Cory’s Shearwaters in their nest burrow. (Photo: JardimBotanico)
The reason I have to be checked so often is that this response is variable. Some people never need a booster shot after receiving the series. Others do. The level of antibodies can decline over time. Knowing how long a protective level persists is critical to any vaccination plan, so when contemplating vaccinating a wild population, we must have a sense of how long the protection will last. If an animal would require annual boosters, that vaccine is not likely to be of much use long term in wildlife where capturing individuals repeatedly ranges from difficult to impossible.
The question of vaccinating wild animals must also encompass the life history strategy of the particular species. Many seabirds, for instance, are extremely long-lived, and their population structure is based on an extended juvenile or subadult phase, low annual reproduction, but a tradeoff in many, many years of reproduction (for a particularly amazing example, read about Wisdom). In such birds, if a vaccine were found to lead to multi-year protection from a serious disease, the balance could tip toward attempting it.

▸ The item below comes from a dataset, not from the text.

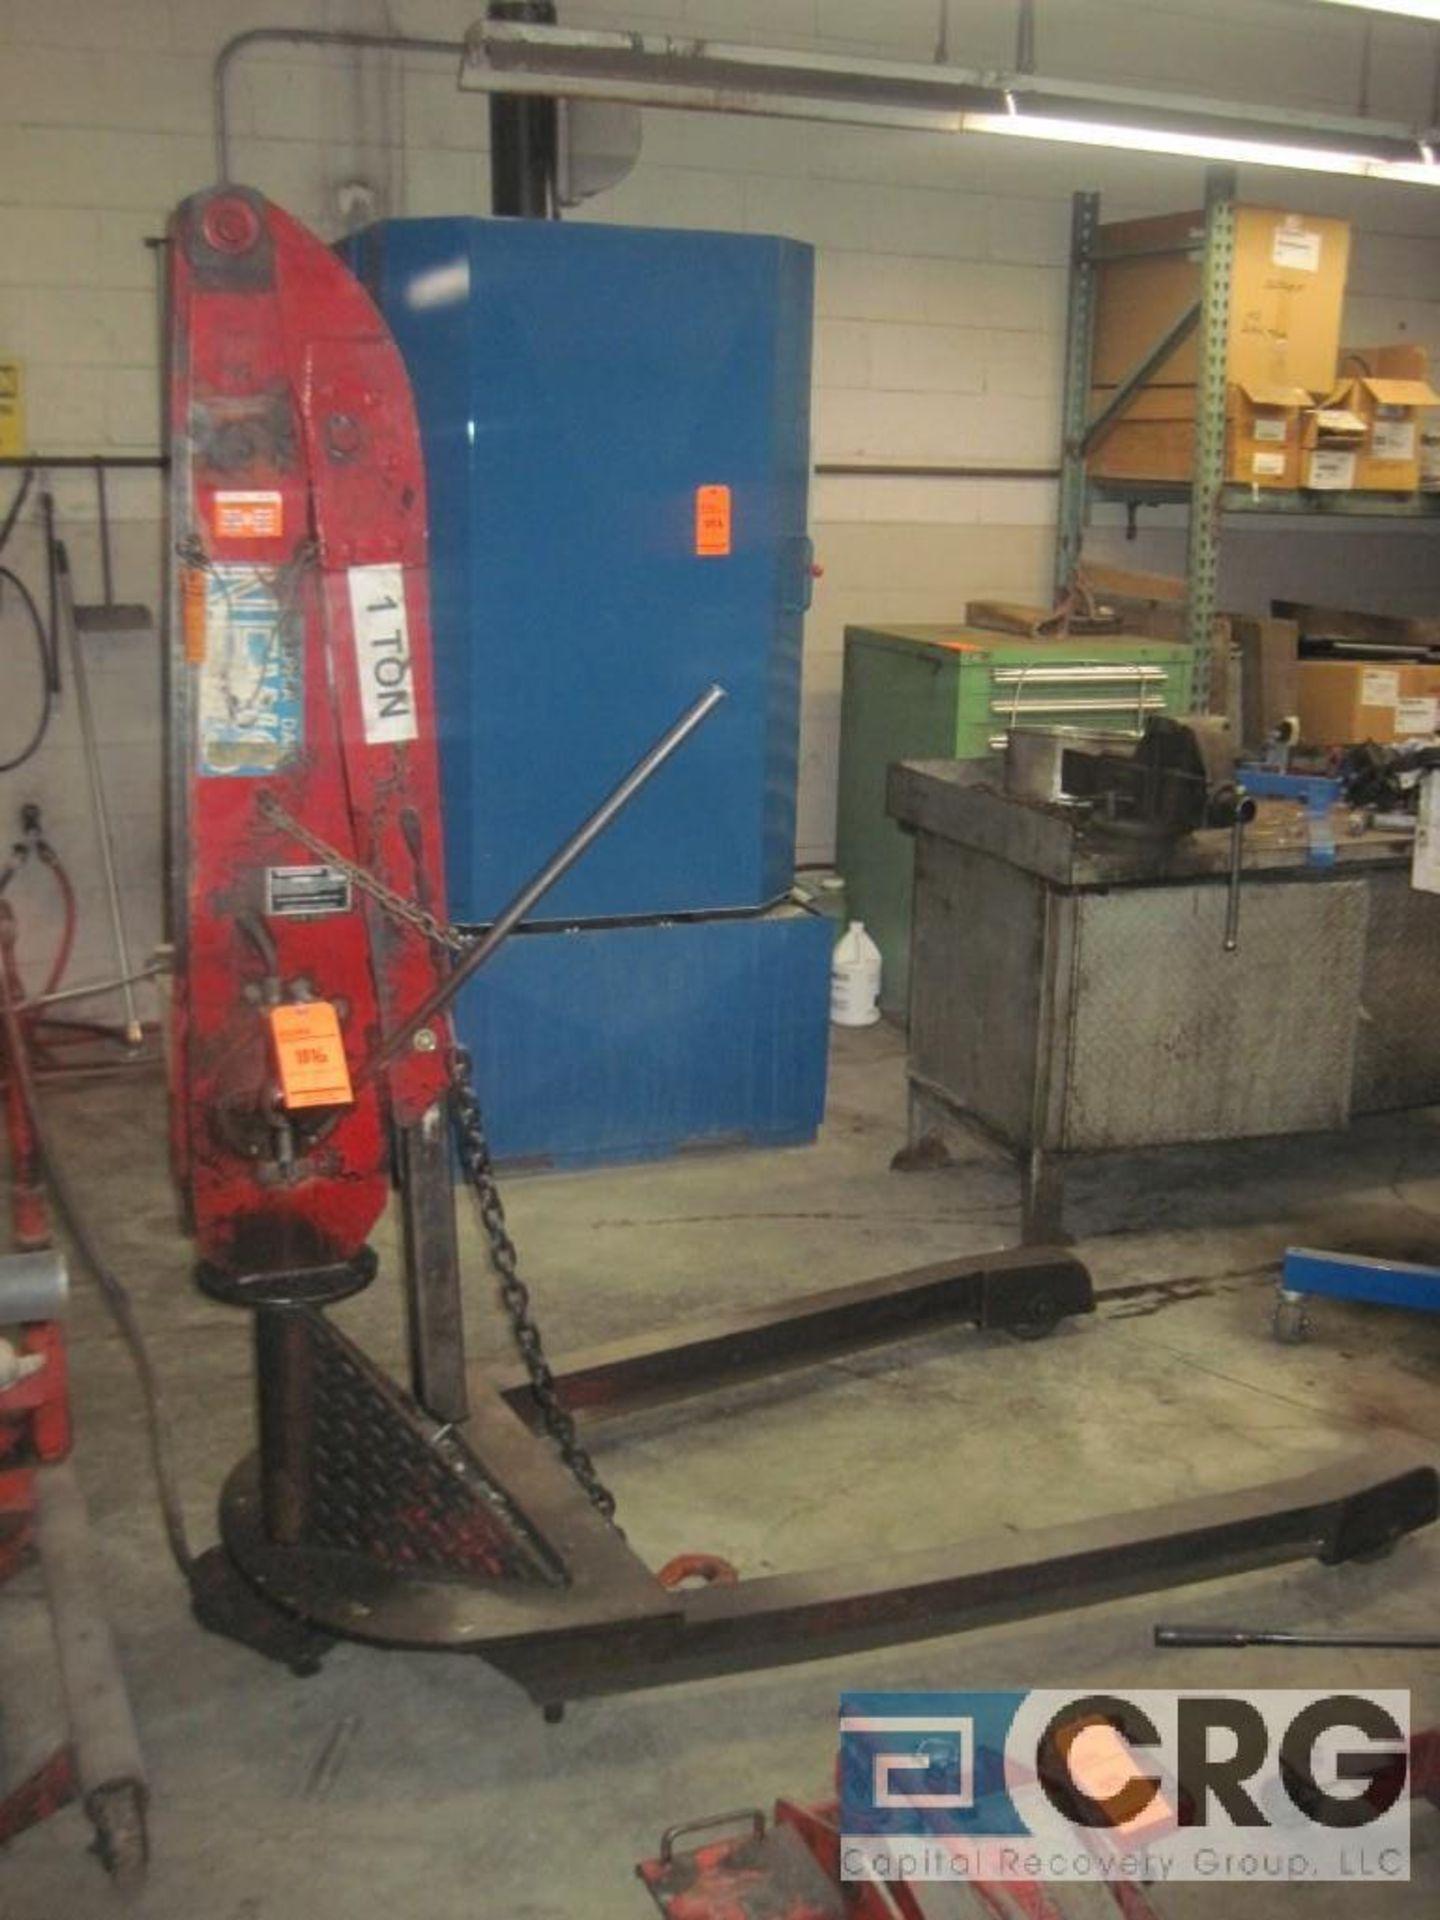 Black Hawk MC 2000 hydraulic hoist, 1 ton cap., s/n 832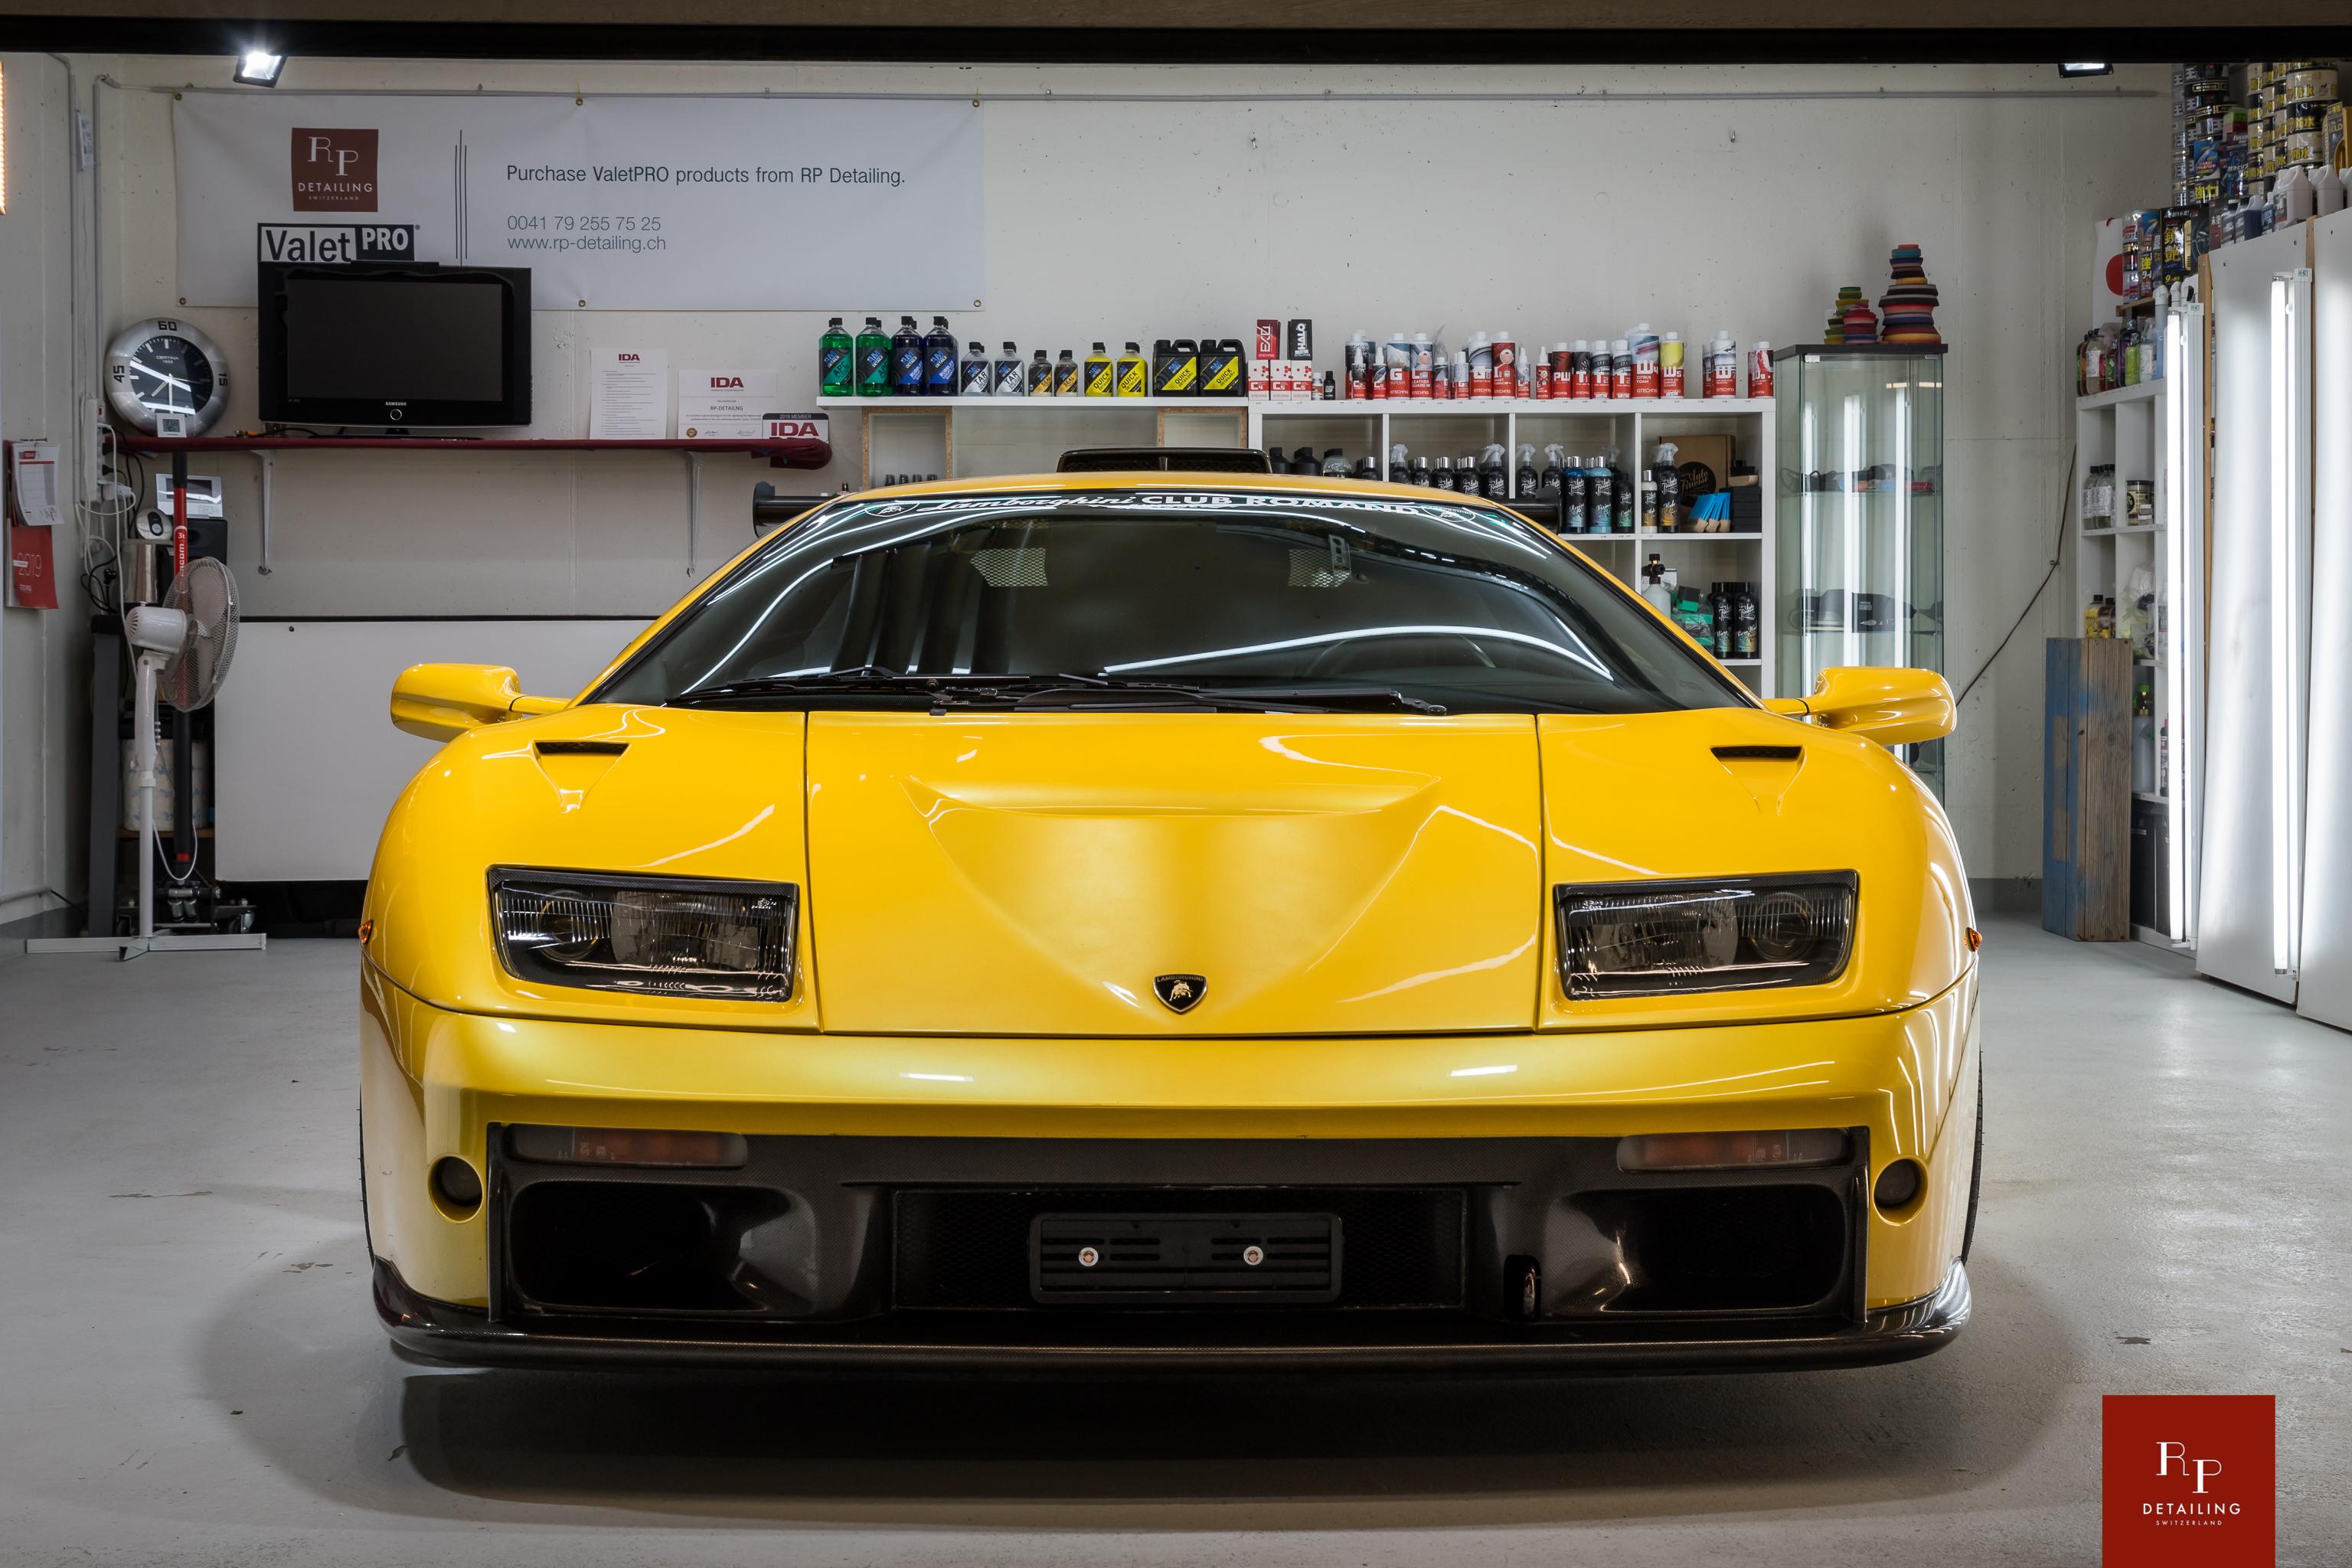 Lamborghini%20Diablo%20GT%20RP%2026.jpg

Thinking along just these lines, a team of researchers set out to study vaccine responses in Cory’s Shearwaters, another long-lived seabird species. Some seabirds are susceptible to Newcastle Disease Virus, a potentially deadly disease that also affects domestic chickens. Given that last point, there is a vaccine currently available for use in poultry, and these researchers administered it to shearwaters instead and then tracked not only their own bodies’ responses over a period of years, but also how the antibodies passed into the birds’ eggs and persisted in hatchlings. What they found was that the adult birds did mount an immune response to the injection and that the antibody levels in their blood rose quickly, and then gradually declined over a period of years. Some of the birds received a booster shot a couple years after the initial one, and the antibody levels rose again in response to that. Levels of antibodies passed to the chicks as the egg was forming persisted after hatching, and the higher the levels of antibodies in the mother at the time of reproduction, the higher the levels in the chicks.

Antibody levels in adults (upper graph) and chicks (lower). Green bands are from unvaccinated birds. Orange band on upper graph are adults vaccinated once. Blue band are birds that received a booster shot two years into the study.
Just as every virus is different, every vaccine is different, and the results from this study do not mean that all vaccines would result in persistent antibody levels for several years. Additionally, what made this multi-year study possible is the site fidelity of shearwaters and other seabirds, many of which return year after year to the same exact burrow or nest site, and can be captured and resampled reliably. For many wild animals, this type of resampling is simply impossible, as would be booster shots. Finally, this was a study aimed at determining persistence of antibody levels, not at actually protecting the population from Newcastle Disease. Generally, something around 80% or so of the population need to be vaccinated to keep a disease from spreading. To attain those kinds of levels would be incredibly labor intensive, and in many cases, not feasible. But this study is an indication of the rising profile of disease ecology in wildlife management, and an awareness that we must shift finally away from a view of disease as a natural corrector and toward viewing it as another of the anthropogenic threats we created, and that we must strive to address.